Example showing how you configure related settings through the HMC CLI:
```shell
chhmc -c xntp -s enable # Enable the NTP service
chhmc -c xntp -s add -a IP_Addr # Add a remote NTP server
chhmc -c date -s modify --timezone Europe/Copenhagen # Configure your timezone
chhmc -c date -s modify --datetime 01301615 # Set current date/time: MMDDhhmm[[CC]YY][.ss]
```
Remember to reboot your HMC after changing the timezone.
### Compatibility with nextract Plus
From version 1.2 *HMCi* is made compatible with the similar [nextract Plus](https://www.ibm.com/support/pages/nextract-plus-hmc-rest-api-performance-statistics) tool from Nigel Griffiths. This means that the Grafana [dashboards](https://grafana.com/grafana/dashboards/13819) made by Nigel are compatible with *HMCi* and the other way around.

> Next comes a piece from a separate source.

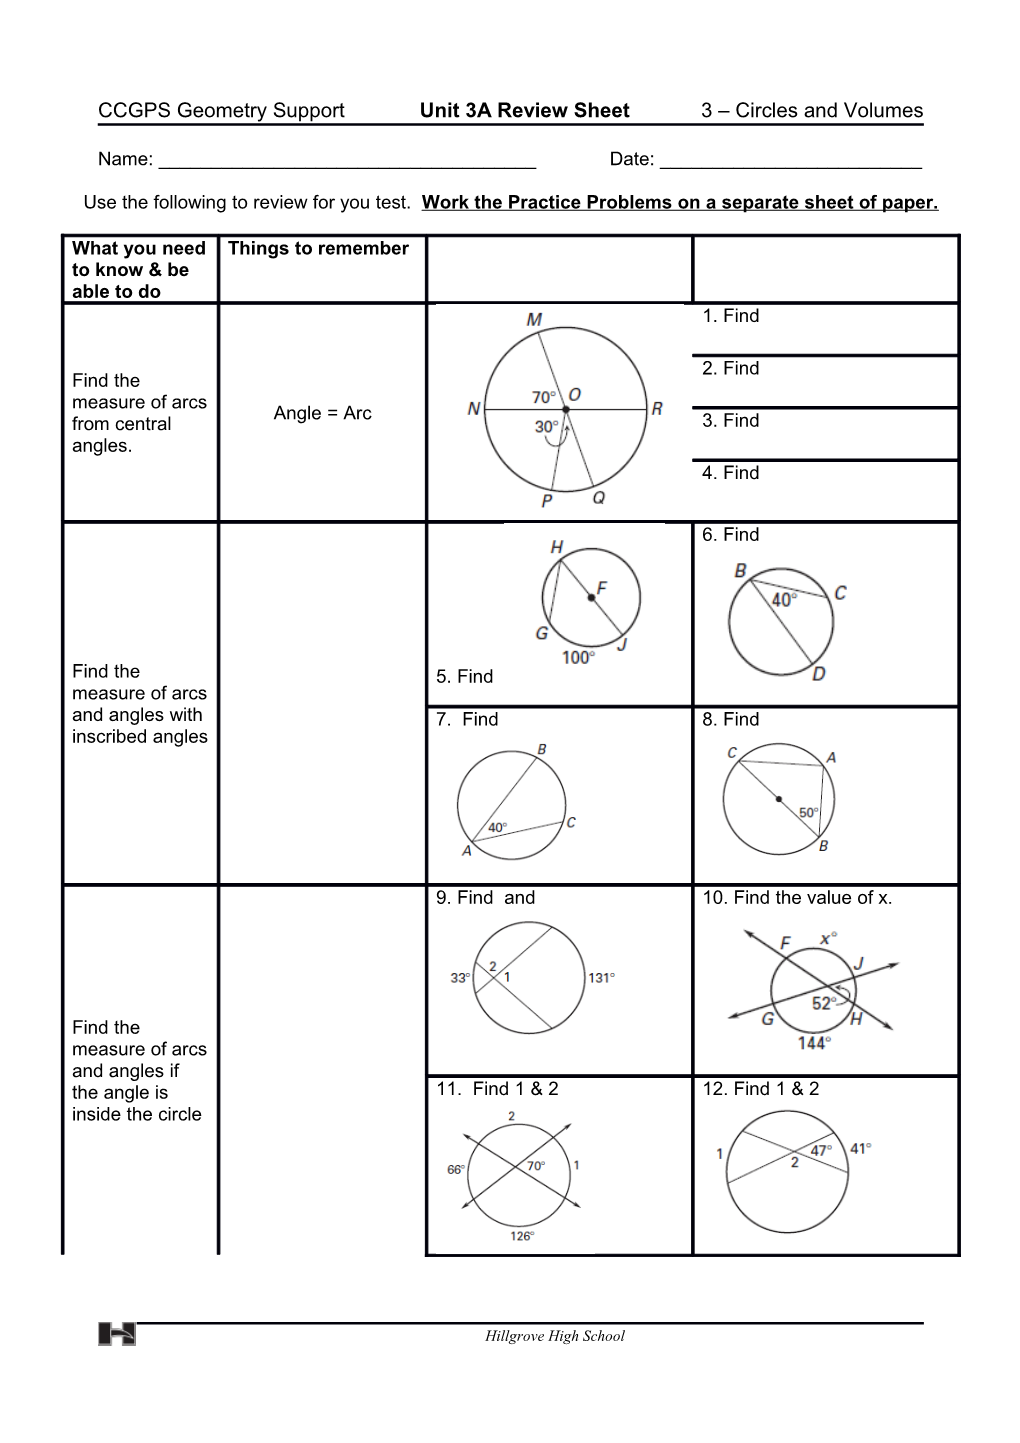 CCGPS Geometry Support Unit 3A Review Sheet 3 Circles and Volumes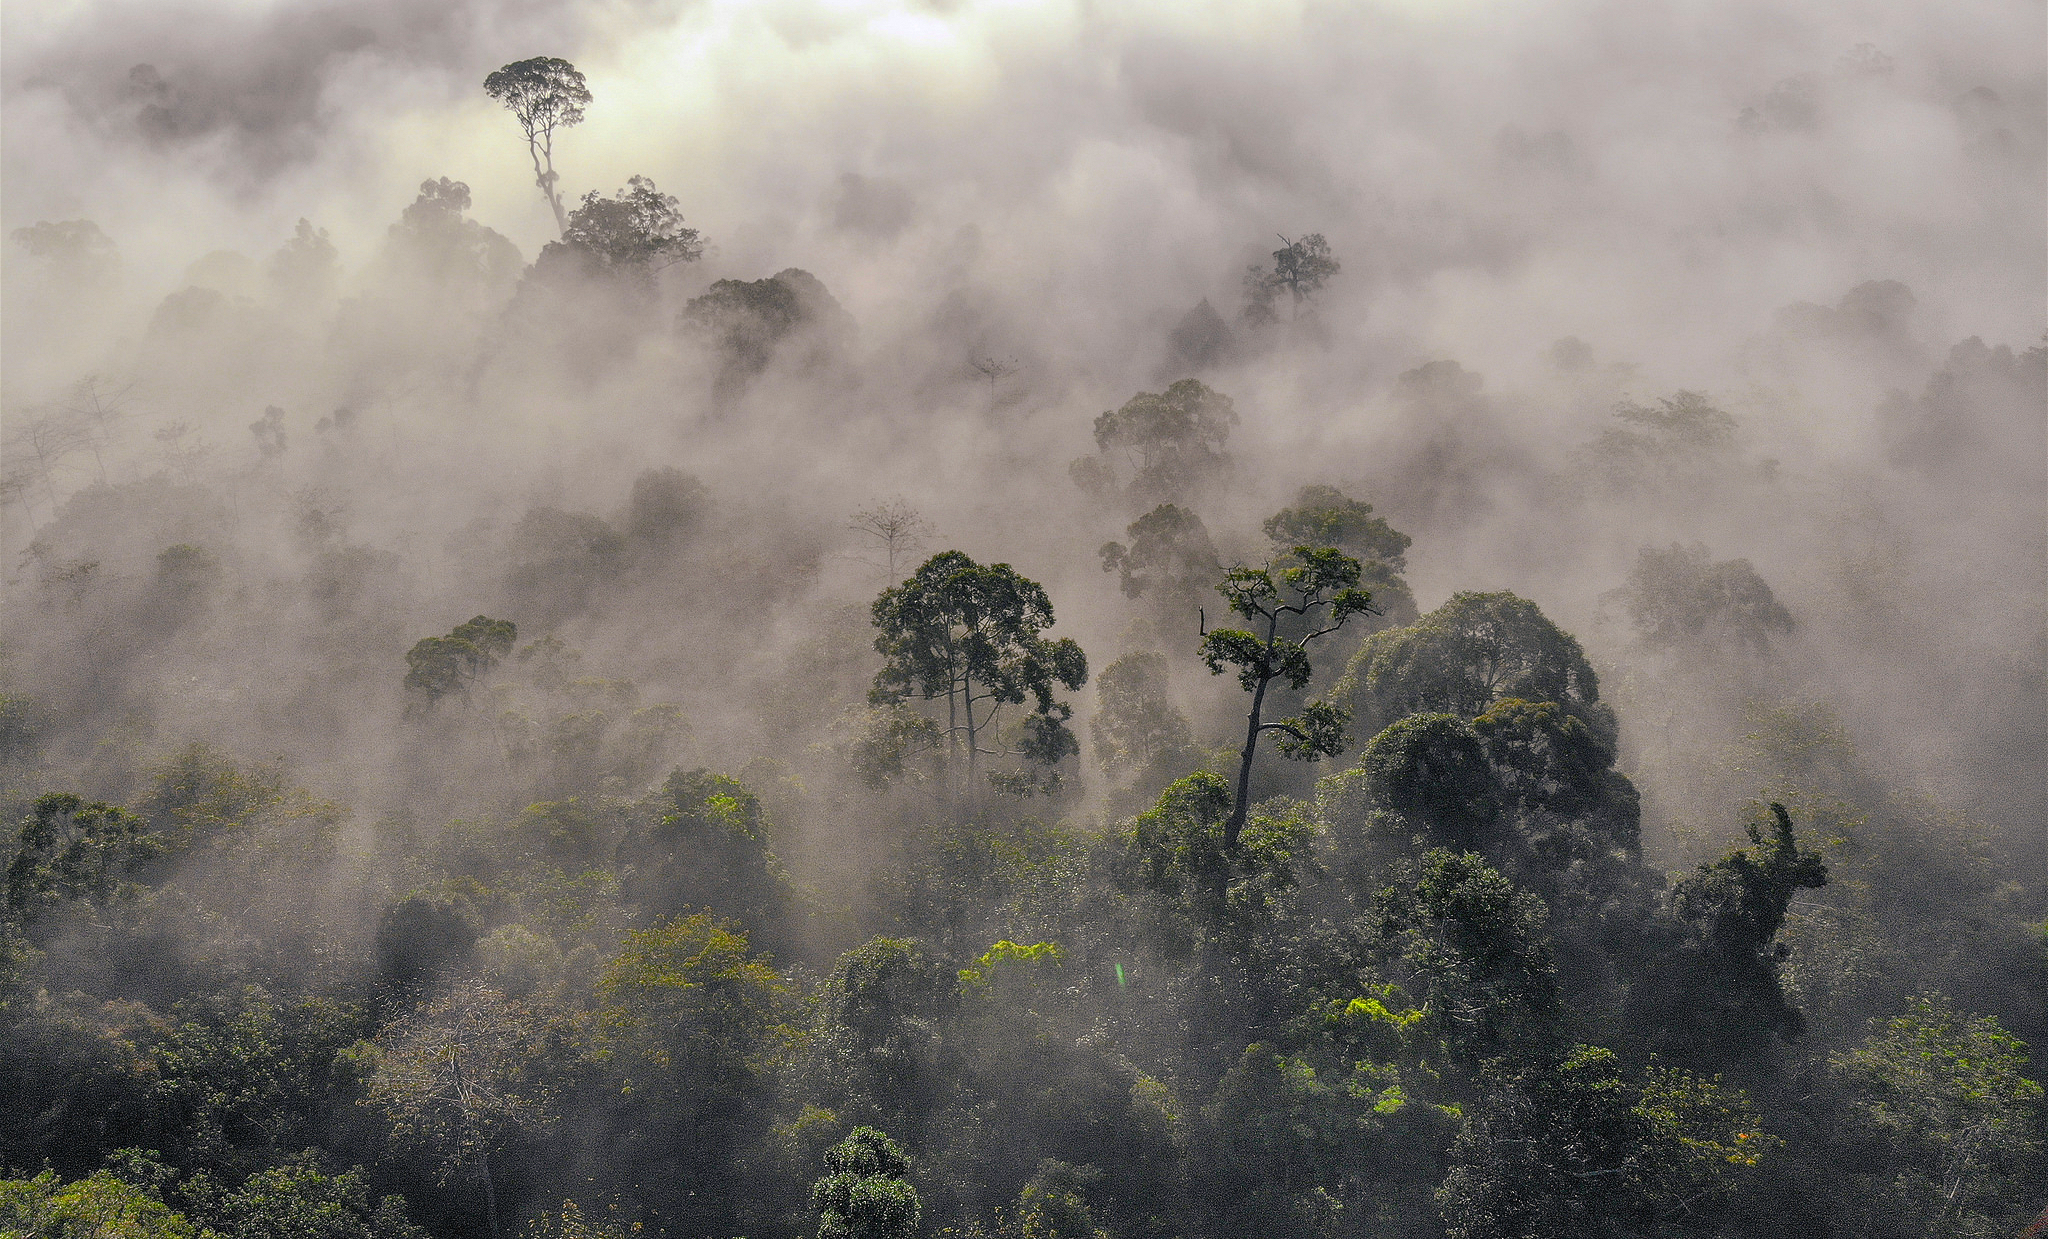 Forest mist in Danum Valley, Sabah, Malaysia. (Image: Christopher Michel)

### Start InfluxDB and Grafana at boot (systemd compatible Linux)
```shell
systemctl enable influxdb
systemctl start influxdb
systemctl enable grafana-server
systemctl start grafana-server
```
### InfluxDB Retention Policy
Examples for changing the default InfluxDB retention policy for the hmci database:
```text
ALTER RETENTION POLICY "autogen" ON "hmci" DURATION 156w
ALTER RETENTION POLICY "autogen" ON "hmci" DURATION 90d
```
### Upgrading HMCi
On RPM based systems (RedHat, Suse, CentOS), download the latest *hmci-x.y.z-n.noarch.rpm* file and upgrade:
```shell
sudo rpm -Uvh hmci-x.y.z-n.noarch.rpm
```
On DEB based systems (Debian, Ubuntu and derivatives), download the latest *hmci_x.y.z-n_all.deb* file and upgrade:
```shell
sudo dpkg -i hmci_x.y.z-n_all.deb
```
Restart the HMCi service on *systemd* based Linux systems:
```shell
systemctl restart hmci
journalctl -f -u hmci # to check log output
```
### AIX Notes
To install (or upgrade) on AIX, you need to pass the *--ignoreos* flag to the *rpm* command:
```shell
rpm -Uvh --ignoreos hmci-x.y.z-n.noarch.rpm
```
## Grafana Screenshots
Below are screenshots of the provided Grafana dashboards (found in the **doc/** folder), which can be used as a starting point.
- [hmci-systems.png](https://bitbucket.org/mnellemann/hmci/downloads/hmci-systems-dashboard.png)
- [hmci-vois.png](https://bitbucket.org/mnellemann/hmci/downloads/hmci-vios-dashboard.png)
- [hmci-lpars](https://bitbucket.org/mnellemann/hmci/downloads/hmci-lpars-dashboard.png)
## Known problems
### Incomplete test of metrics
I have not been able to test and verify all types of metric data. If you encounter any missing or wrong data, please contact me, so I can try to fix it. It is possible to run **hmci** with *-d -d* to log JSON data received by the HCM, which can help me implement missing data.
### Naming collision
You can't have partitions (or Virtual I/O Servers) on different Systems with the same name, as these cannot be distinguished when metrics are
written to InfluxDB (which uses the name as key).
### Renaming partitions
If you rename a partition, the metrics in InfluxDB will still be available by the old name, and new metrics will be available by the new name of the partition. There is no easy way to migrate the old data, but you can delete it easily:
```text
DELETE WHERE lparname = 'name';
```
## Development Information
You need Java (JDK) version 8 or later to build hmci.
### Build & Test
Use the gradle build tool, which will download all required dependencies:
```shell
./gradlew clean build
```
### Local Testing
#### InfluxDB container
Start the InfluxDB container:
```shell
docker run --name=influxdb --rm -d -p 8086:8086 influxdb:1.8-alpine
```
To execute the Influx client from within the container:
```shell
docker exec -it influxdb influx
```
#### Grafana container
Start the Grafana container, linking it to the InfluxDB container:
```shell
docker run --name grafana --link influxdb:influxdb --rm -d -p 3000:3000 grafana/grafana:7.1.3
```
Setup Grafana to connect to the InfluxDB container by defining a new datasource on URL *http://influxdb:8086* named *hmci*.
The hmci database must be created beforehand, which can be done by running the hmci tool first.
Grafana dashboards can be imported from the *doc/* folder.